Ради этой цели тотчас после февральского переворота, весною 17 года, была организована "Свободная ассоциация для развития и распространения положительных наук" - учреждение, которое ставило задачей своей, с одной стороны, организацию в России научно-исследовательских институтов, с другой - широкую и непрерывную популяризацию научных и технических знаний в рабочей среде. Во главе ассоциации встали крупные учёные, члены Российской Академии наук В.А.Стеклов, Л.А.Чугаев, академик Ферсман, С.П.Костычев, А.А.Петровский и ряд других. Деятельно собирались средства; С.П.Костычев уже приступил к поискам места для устройства исследовательского института по вопросам зооботаники.

Для большей ясности скажу, что меня всю жизнь угнетал факт подавляющего преобладания безграмотной деревни над городом, зоологический индивидуализм крестьянства и почти полное отсутствие в нём социальных эмоций.
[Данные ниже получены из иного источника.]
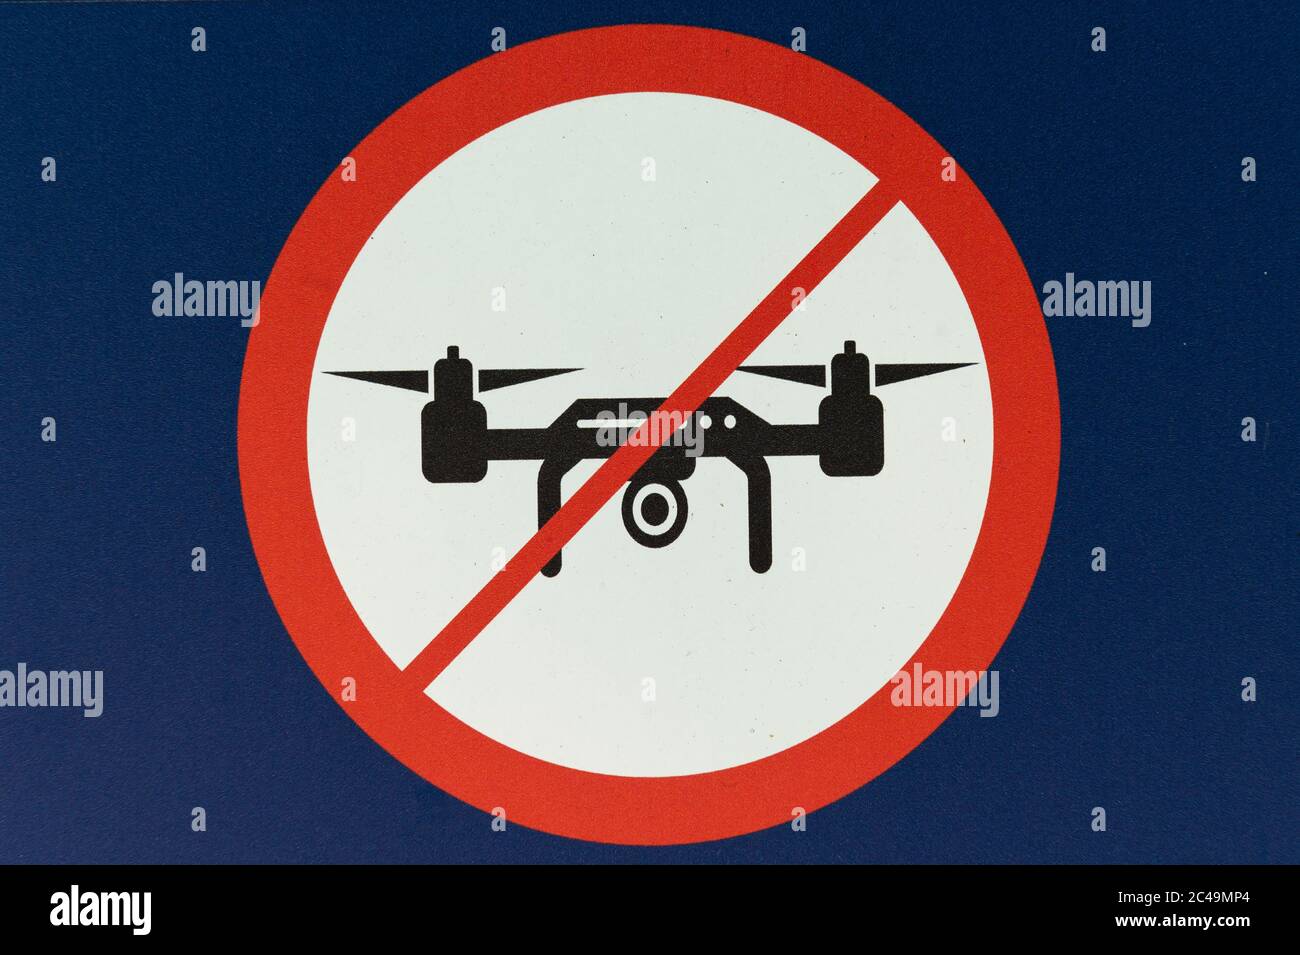 24. Juni 2020, Hessen, Frankfurt/Main: Ein Schild am Frankfurter Flughafen weist auf ein Drohnenflugverbot hin. Foto: Silas Stein/dpa Stockfoto

Диктатура политически грамотных рабочих, в тесном союзе с научной и технической интеллигенцией, была, на мой взгляд, единственно возможным выходом из трудного положения, особенно осложнённого войной, ещё более анархизировавшей деревню.

С коммунистами я расходился по вопросу об оценке роли интеллигенции в русской революции, подготовленной именно этой интеллигенцией, в число которой входят и все "большевики", воспитавшие сотни рабочих в духе социального героизма и высокой интеллектуальности. Русская интеллигенция научная и рабочая - была, остаётся и ещё долго будет единственной ломовой лошадью, запряжённой в тяжкий воз истории России. Несмотря на все толчки и возбуждения, испытанные им, разум народных масс всё ещё остаётся силой, требующей руководства извне.

Так думал я 13 лет тому назад и так - ошибался. Эту страницу моих воспоминаний следовало бы вычеркнуть. Но - "написано пером - не вырубишь топором". К тому же: "на ошибках - учимся" - часто повторял Владимир Ильич. Пусть же читатели знают эту мою ошибку. Было бы хорошо, если б она послужила уроком для тех, кто склонен торопиться с выводами из своих наблюдений.

Разумеется, после ряда фактов подлейшего вредительства со стороны части спецов я обязан был переоценить - и переоценил - моё отношение к работникам науки и техники. Такие переоценки кое-чего стоят, особенно - на старости лет.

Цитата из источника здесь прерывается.